Here I take the R0 package to estimate the reproduction number for COVID-19. NOTE: my aim is to investigate the R0 package rather than provide sound predictions of COVID-19’s future behaviour. In particular I have guessed the generation time.

Load the data from the 2019 Novel Coronavirus COVID-19 (2019-nCoV) Data Repository by Johns Hopkins CSSE:

`confirmed <- read.csv(url("https://raw.githubusercontent.com/CSSEGISandData/2019-nCoV/master/csse_covid_19_data/csse_covid_19_time_series/time_series_19-covid-Confirmed.csv"))`

This data contains a row per state/province and a column per reported case numbers - on a particular date. Let’s tidy this into count per day number since the start.

```
confirmed <- subset(confirmed, select = -c(Lat, Long))
sums <- colSums(confirmed[,-match(c("Province.State", "Country.Region"), names(confirmed))], na.rm=TRUE)
sumsByDateCode <- as.data.frame(t(t(sums)))
colnames(sumsByDateCode) <- c("count")
sumsByDateCode$datecode <- rownames(sumsByDateCode)
dailyCounts <- mutate(sumsByDateCode, date = mdy(substring(datecode,2)))
dailyCounts$day <- seq.int(nrow(dailyCounts))
```

Now use the R0 package to estimate the reproduction number. I need a generation time, which we don’t have to hand, so I take the values use for SARS - a mean of 5, standard deviation 1.9 - as described here. The different estimation methods (time dependent, exponential growth etc.) are described there too.

```
mgt <- generation.time("gamma", c(5, 1.9))
est <- estimate.R(dailyCounts$count, methods=c("TD", "EG", "ML", "SB"), GT=mgt)
```

We can plot the actual and predicted values using the different estimation methods:

The time-dependent method seems to fit the best.

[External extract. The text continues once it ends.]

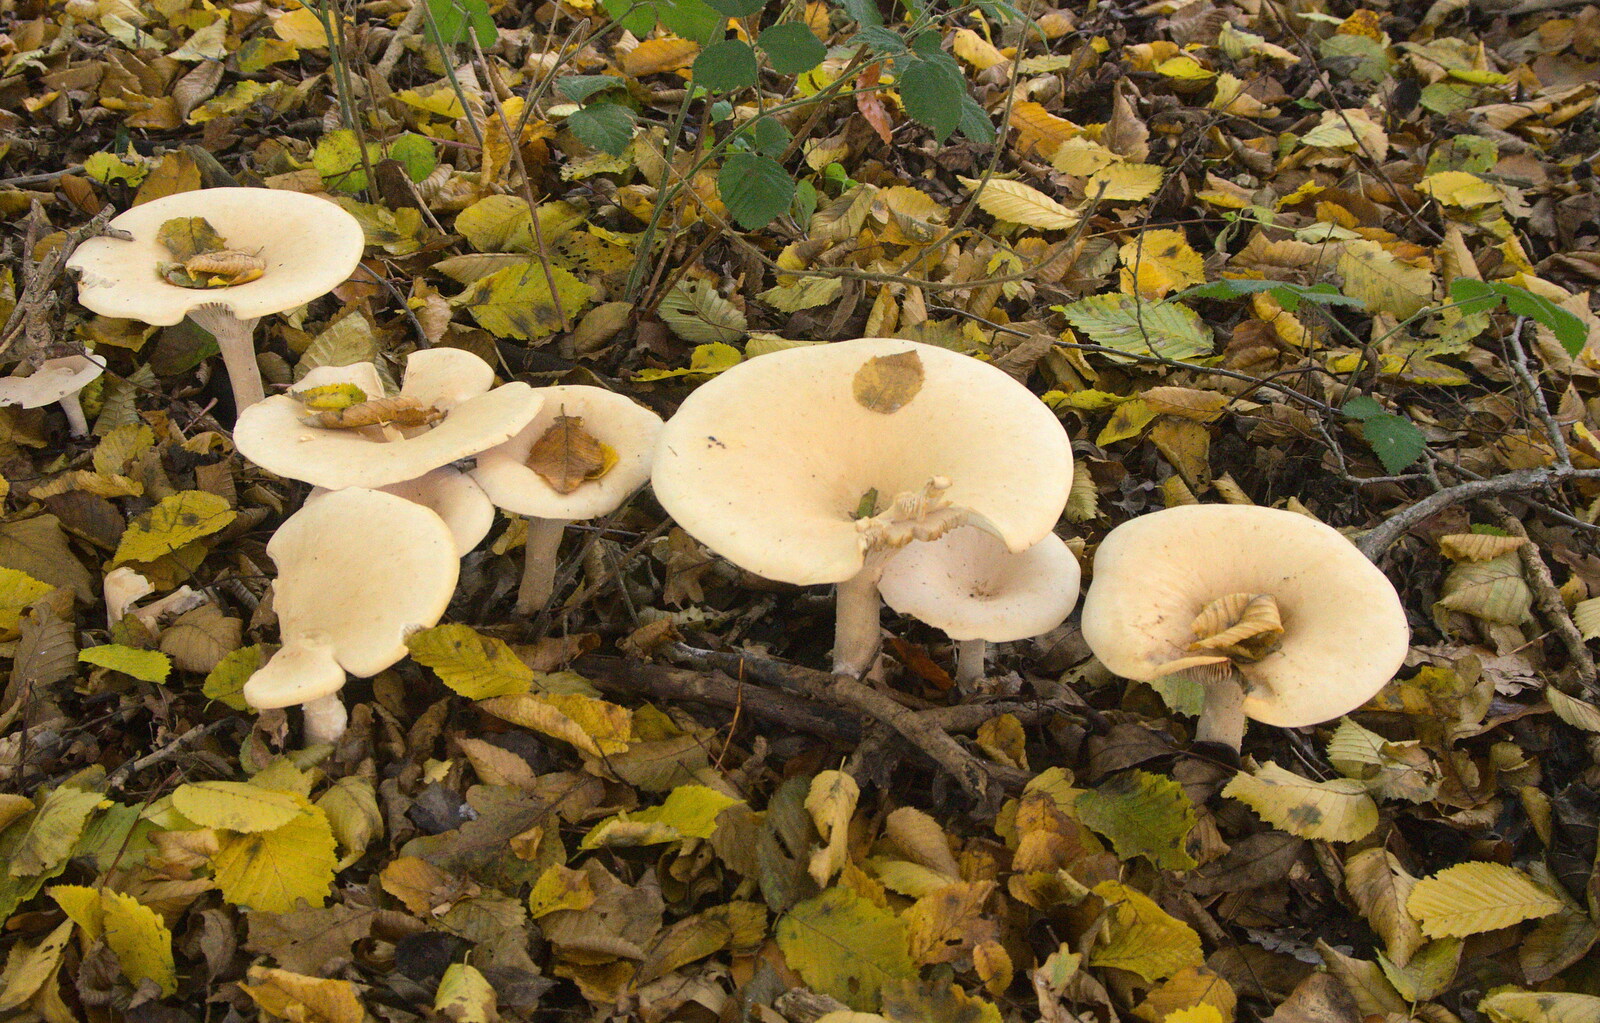 A line of mushrooms from A Busy Day, Southwold and Thornham, Suffolk - 11th November 2012

Here are the RMSE values for the different methods:

TD | EG | ML | SB |
---|---|---|---|

2809.946 | 19230.84 | 18054.14 | NA |

Here is the range of the reproduction number thus estimated using the “time dependendent” method:

```
## Min. 1st Qu. Median Mean 3rd Qu. Max.
## 1.062 1.160 1.474 1.889 1.654 9.150
```

Finally, here is a plot of estimated reproduction number (using the time-dependent method) over time:

The reproduction number has been reduced considerably over the last month or so, but is still above 1.